How to teach if calculations and algebraic manipulations are off limits

Question

This question may be just too broad in scope, but some form of it has been on my mind during this year of remote learning as I imagine a future cycle of educational upheaval.

Much of what we teach in mathematics involves algorithms: ways to calculate certain things, methods for solving equations, etc.

I am curious what (and possibly how) you would teach if it was assumed that everyone had access to calculating devices (e.g. Symbolab, Wolfram|Alpha) and could use them at any time, and that teaching students methods for calculating, simplifying and solving numerical and algebraic expressions/equations was decided to be outside the scope of what you could teach. [Note: an introduction to how a calculation works could be fine, but it would be pointless${}^\star$ to put these types of questions on an exam as the answers are just a few button clicks away.]

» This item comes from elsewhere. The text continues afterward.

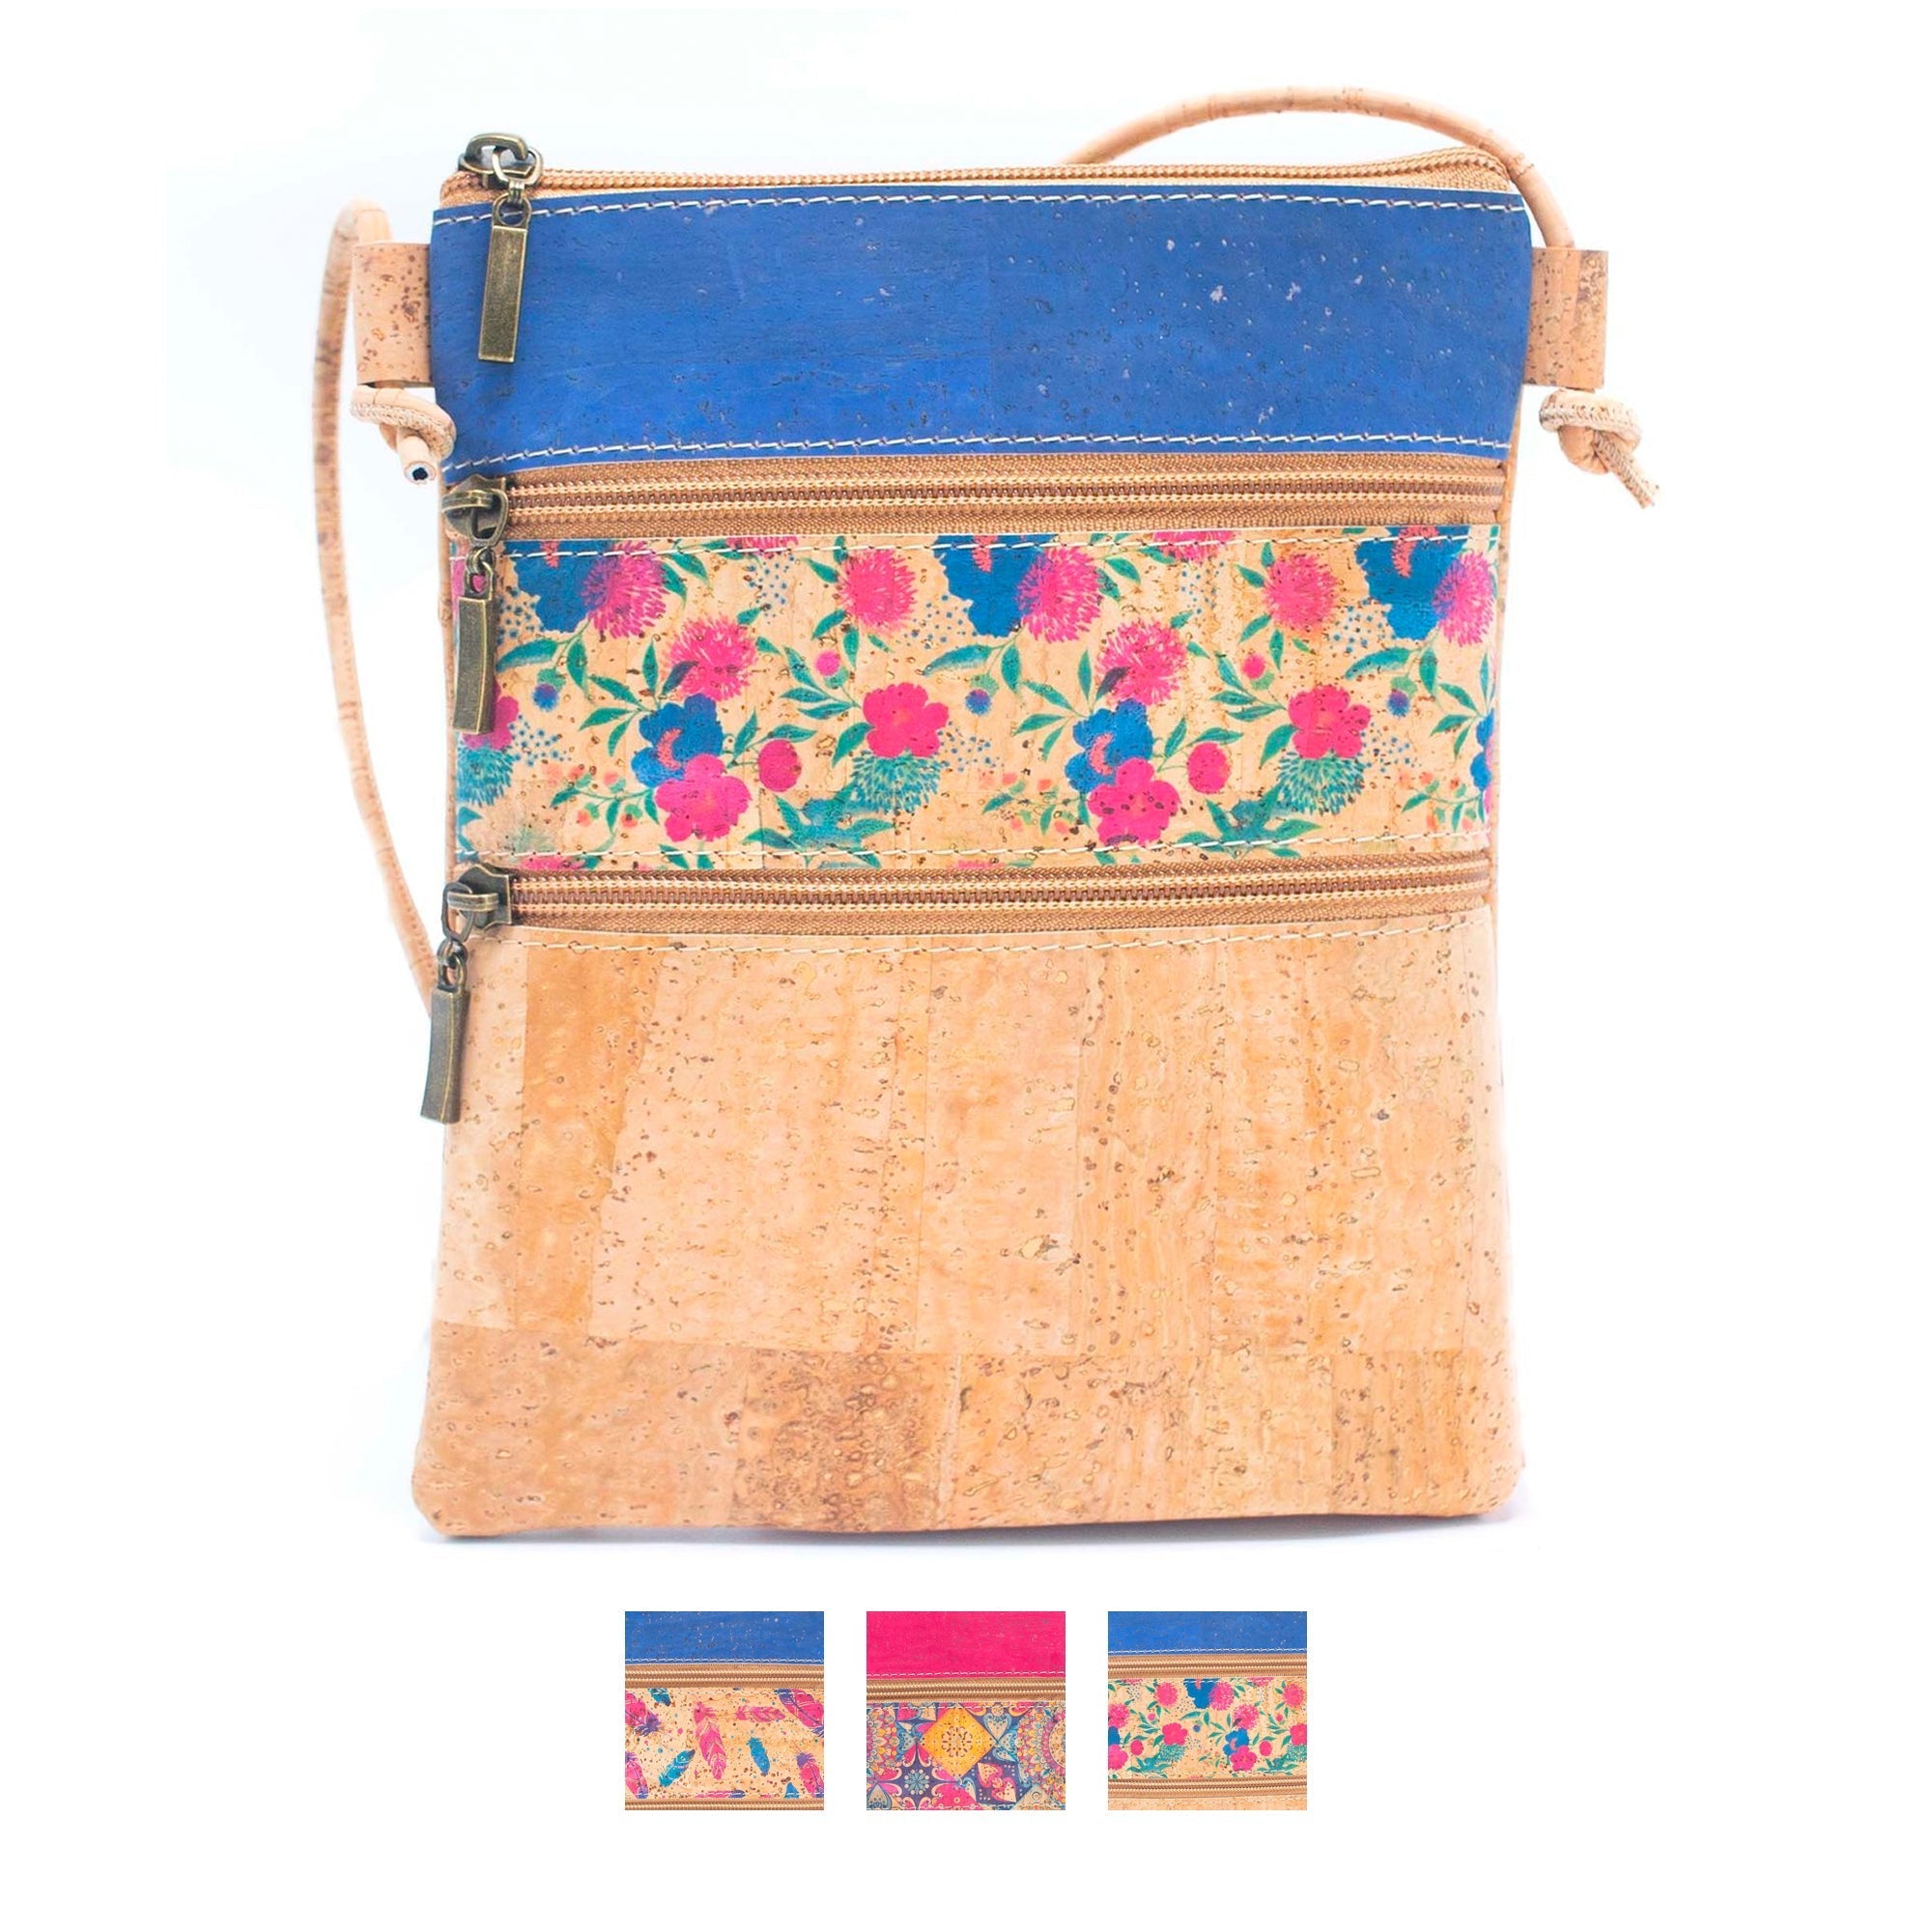 DIY Small Ladies Zipper Purse With Zipper||Small Fancy Handbag Making At  Home #Handpurse #Stitching | How to make handbags, Fancy handbags, Small  lady

(${}^{\star}$ Unless you were merely testing whether someone brought their calculator that day)

I ask this to determine what things (skills, understandings, habits) educators think remain at (or should be brought into) the core of this discipline in the age of technology that can perform all of the arithmetic and algebra we teach. Note that I am not suggesting that it would be the best scenario to disallow certain arithmetic or algebraic methods, but rather I am asking what, in their absence, we would choose to teach to students. Just what survives this hypothetical scenario?

I am interested mainly in first- or second-year topics in college, such as precalculus, trigonometry, calculus, differential equations and linear algebra.

Are there colleges that have officially adopted such a program, or do you imagine a curriculum or specific set of outcomes for any of these courses that eschews teaching/focusing-on/assessing calculation skills or algebraic manipulation? Would any of these courses cease to exist or might some be combined?

Answer 1

I highly recommend looking at the Calculus exams from the University of Michigan.

https://dhsp.math.lsa.umich.edu/examshops.html

These problems tend to focus on extracting relevant information for solving problems from a variety of representations (symbolic, graphical, numerical, verbal), and on translating between these representations.

Example: Here is a problem where the student needs to translate from a verbal description of some quantity to a symbolic expression.

https://dhsp.math.lsa.umich.edu/exams/115exam1/f18/p5.pdf

Example: Here is a problem where the student needs to extract information about a function from its graph. Problem 4.b.ii is very nice, since it really requires the student to understand composition and one sided limits (even though one sided limits are not obviously indicated). Problem 4.b.iii requires the student to have really understood the graphical meaning of the standard difference quotient.

https://dhsp.math.lsa.umich.edu/exams/115exam1/f17/p4.pdf

The exams are full of superbly crafted questions of this form. Symbolic computation is kept to a minimum: a "gateway" exam which is mastery based ensures that students are developing calculation skill. The essential outcomes of the course center on reasoning and conceptual understanding.